> Data extract
--

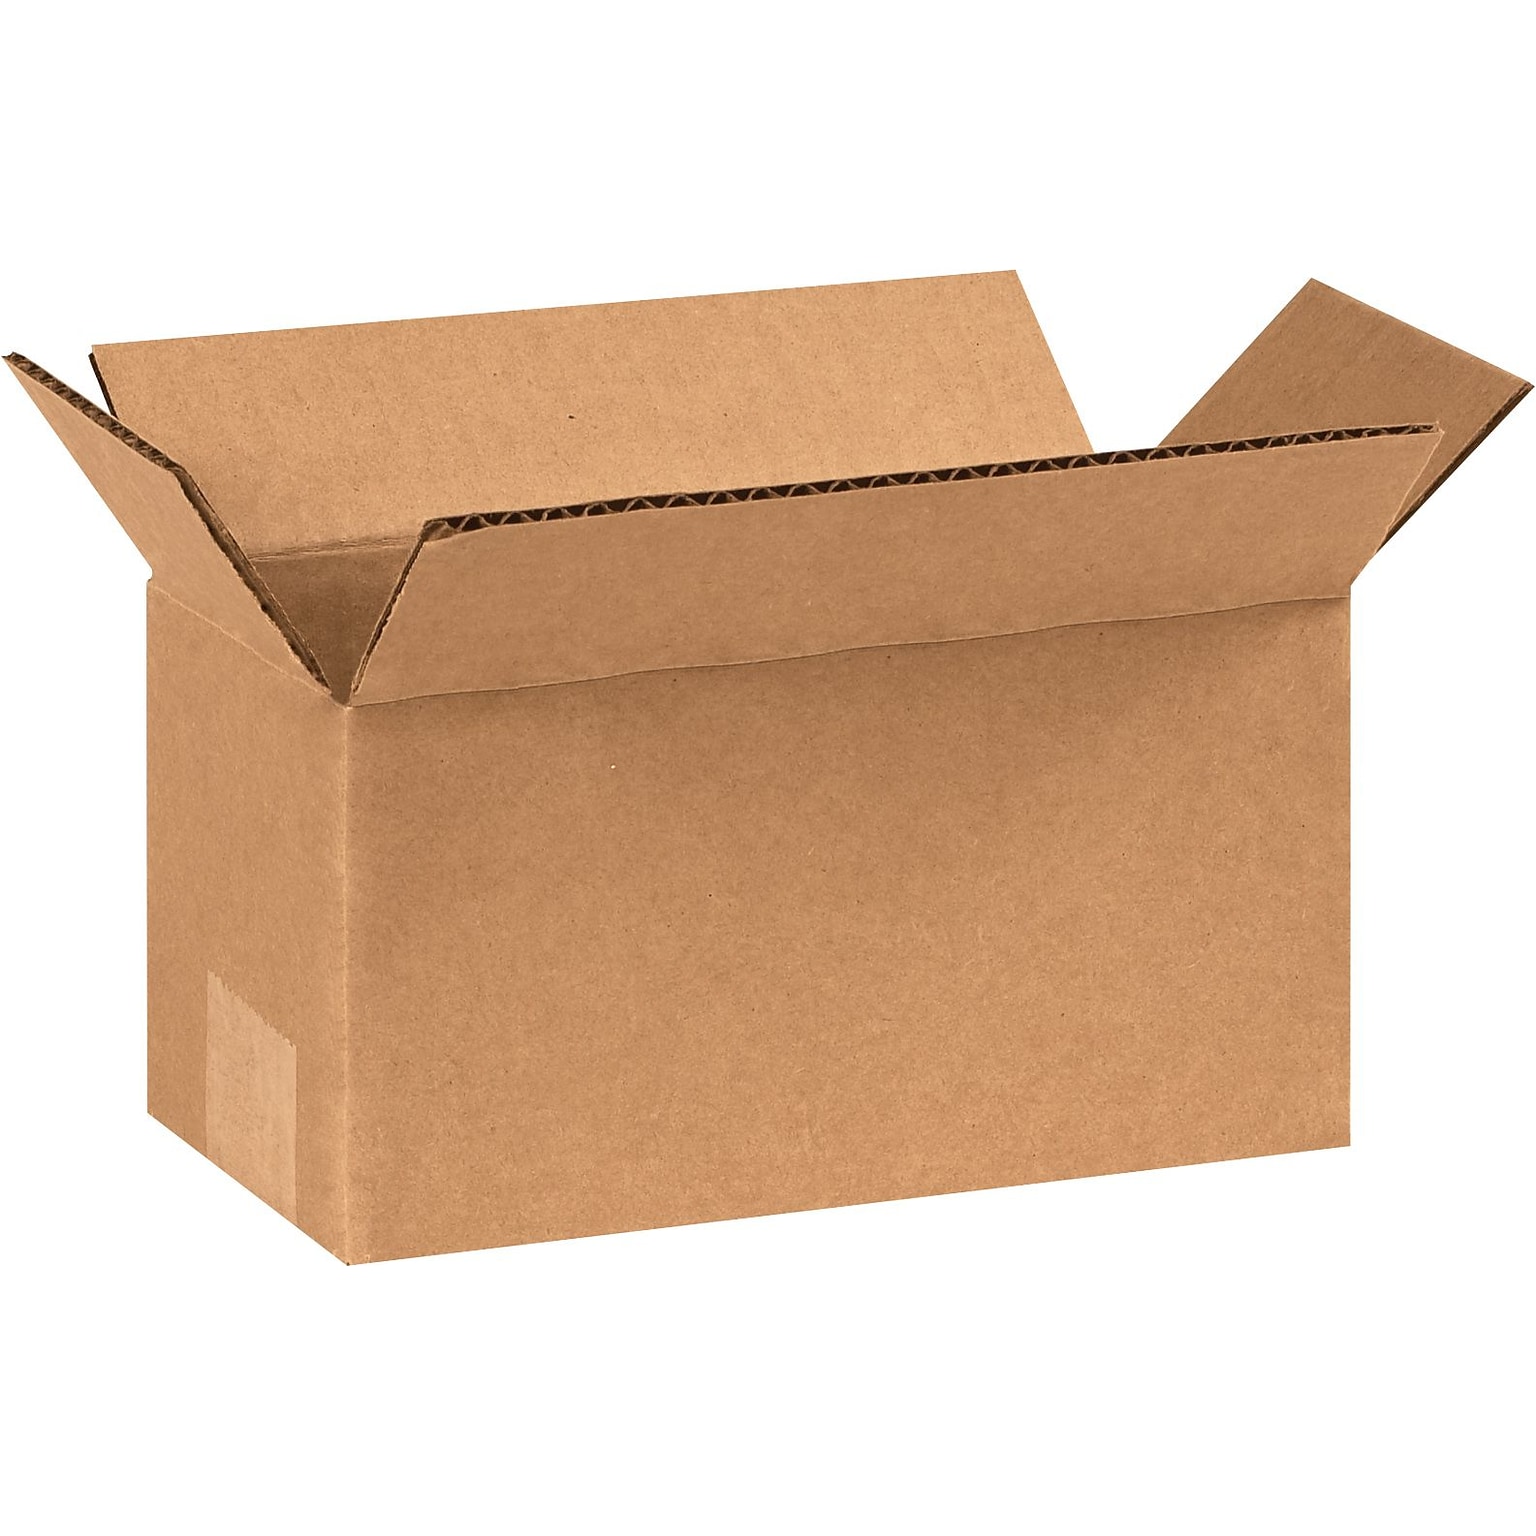 Quill Brand® Brand® 9 x 4 x 4 Shipping Boxes, 32 ECT, Brown, 25/Bundle (944)
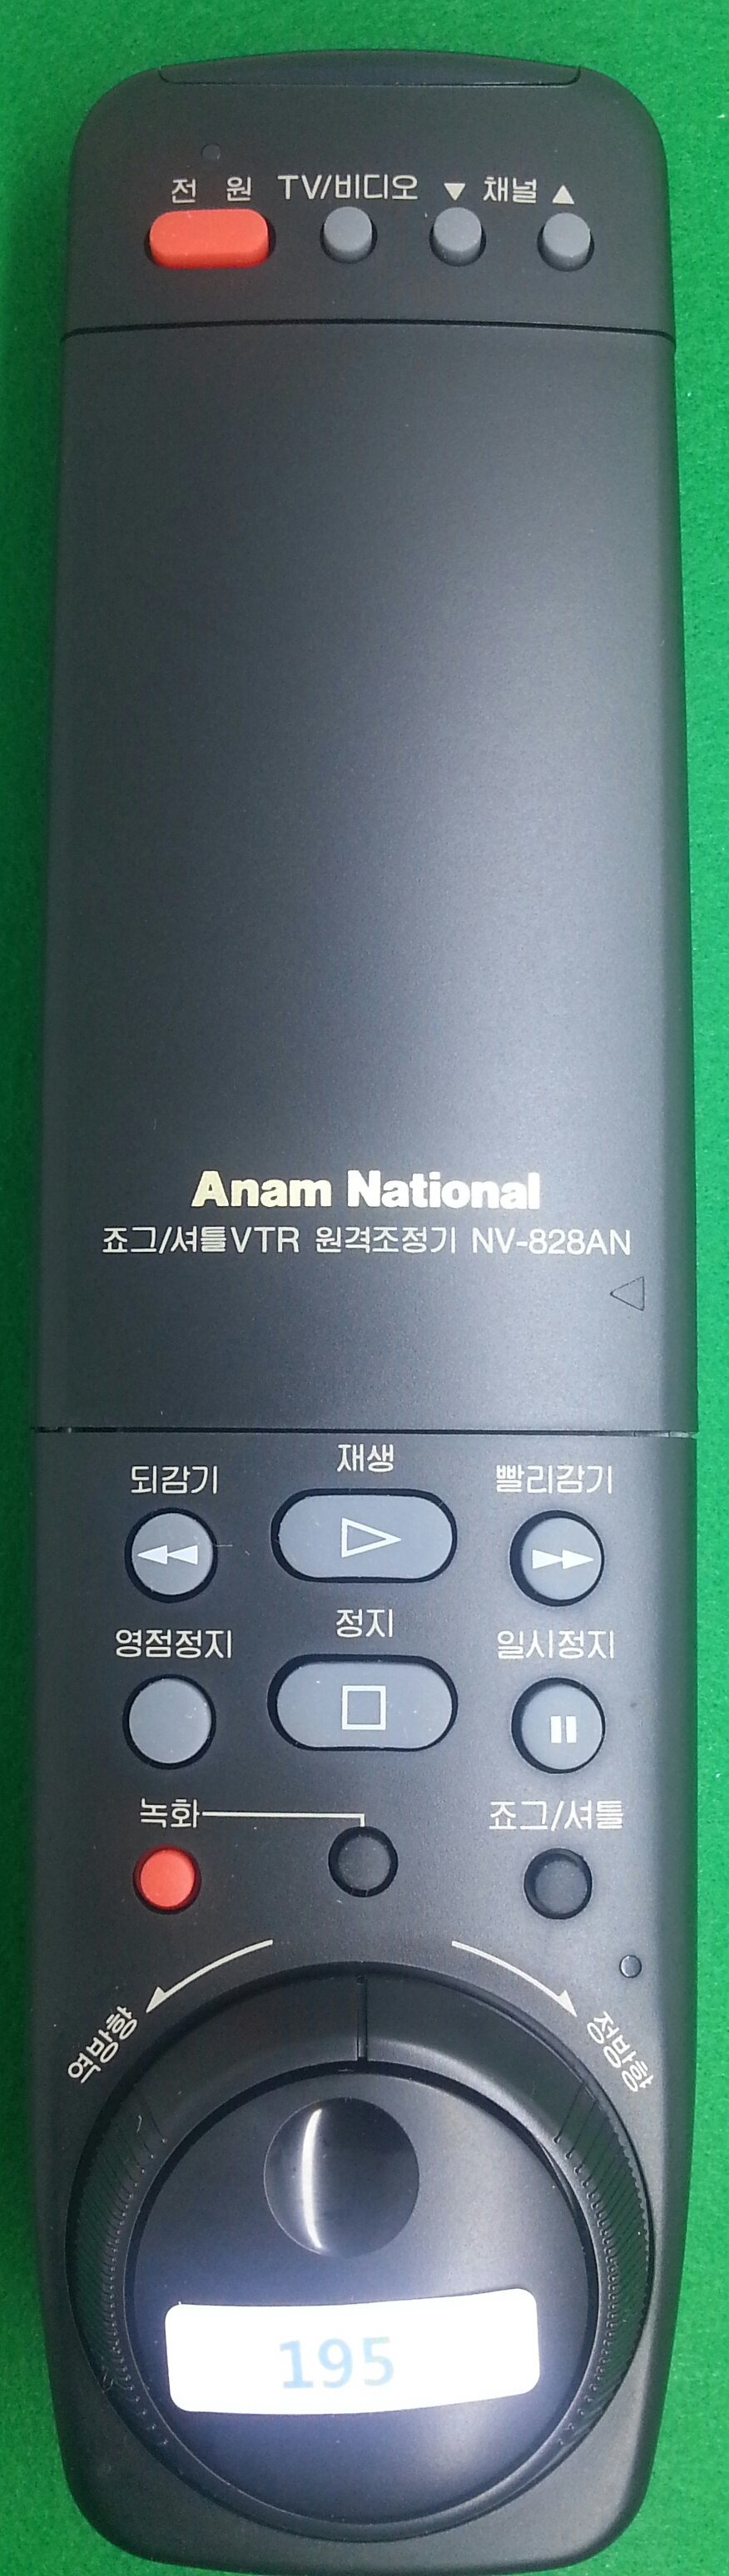 195_ANAM_NATIONAL_NV-828AN_cover-1.jpg
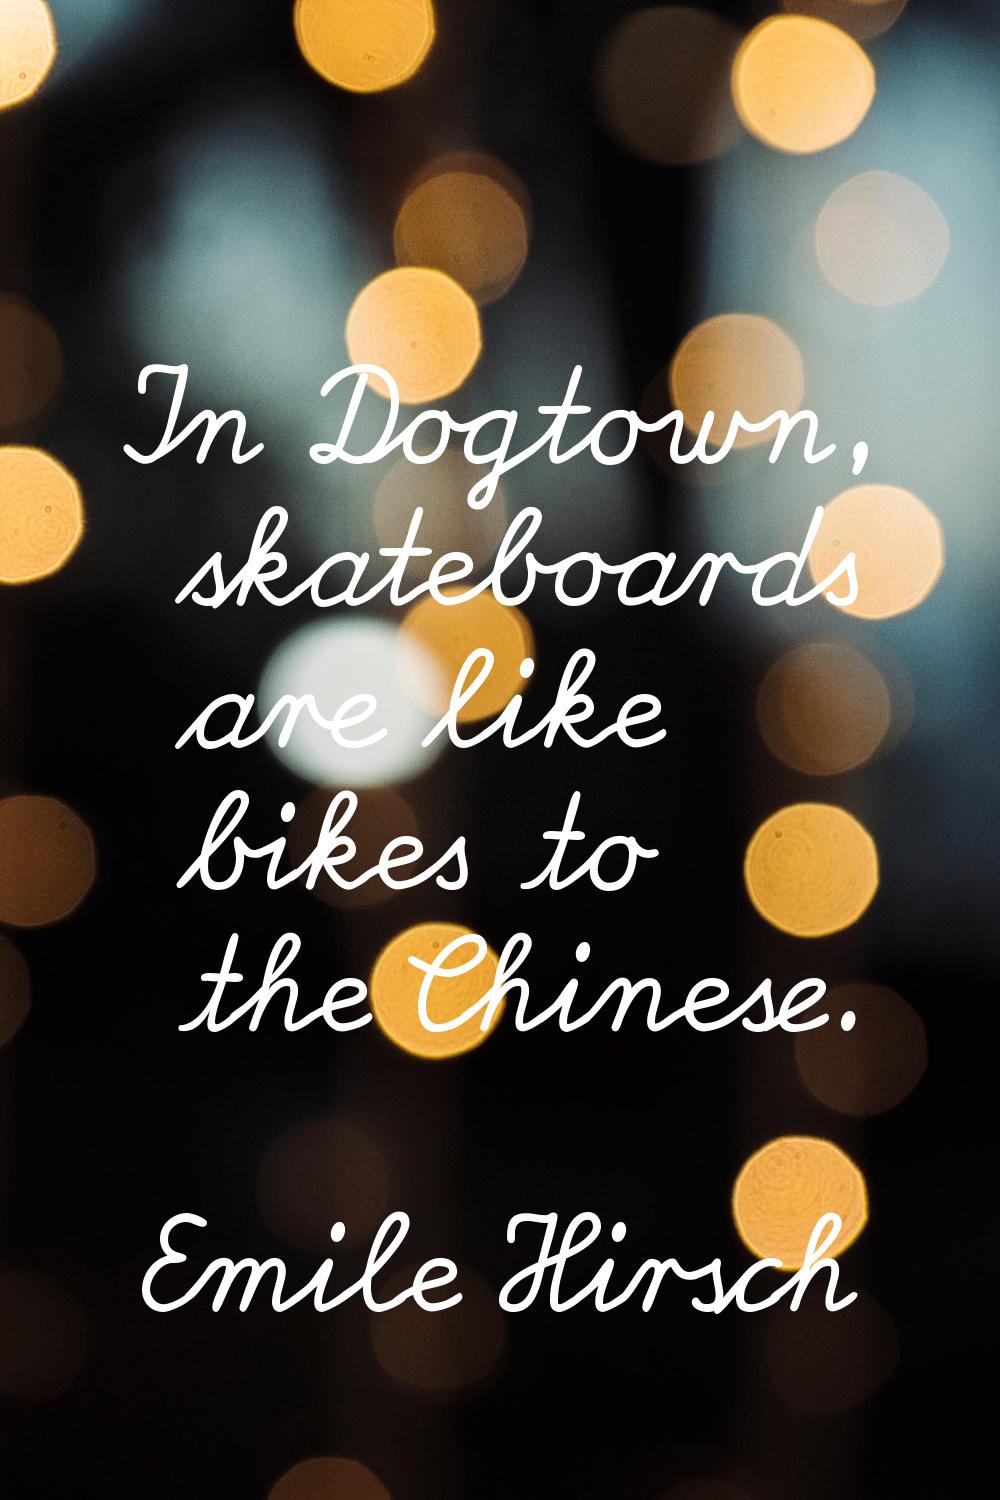 In Dogtown, skateboards are like bikes to the Chinese.

--

> Problem description
When copying the data above, repeat every word exactly and drop the pictures.

> Answer below
 Quill Brand® Brand® 9 x 4 x 4 Shipping Boxes, 32 ECT, Brown, 25/Bundle (944)
 195_ANAM_NATIONAL_NV-828AN_cover-1.jpg
 In Dogtown, skateboards are like bikes to the Chinese.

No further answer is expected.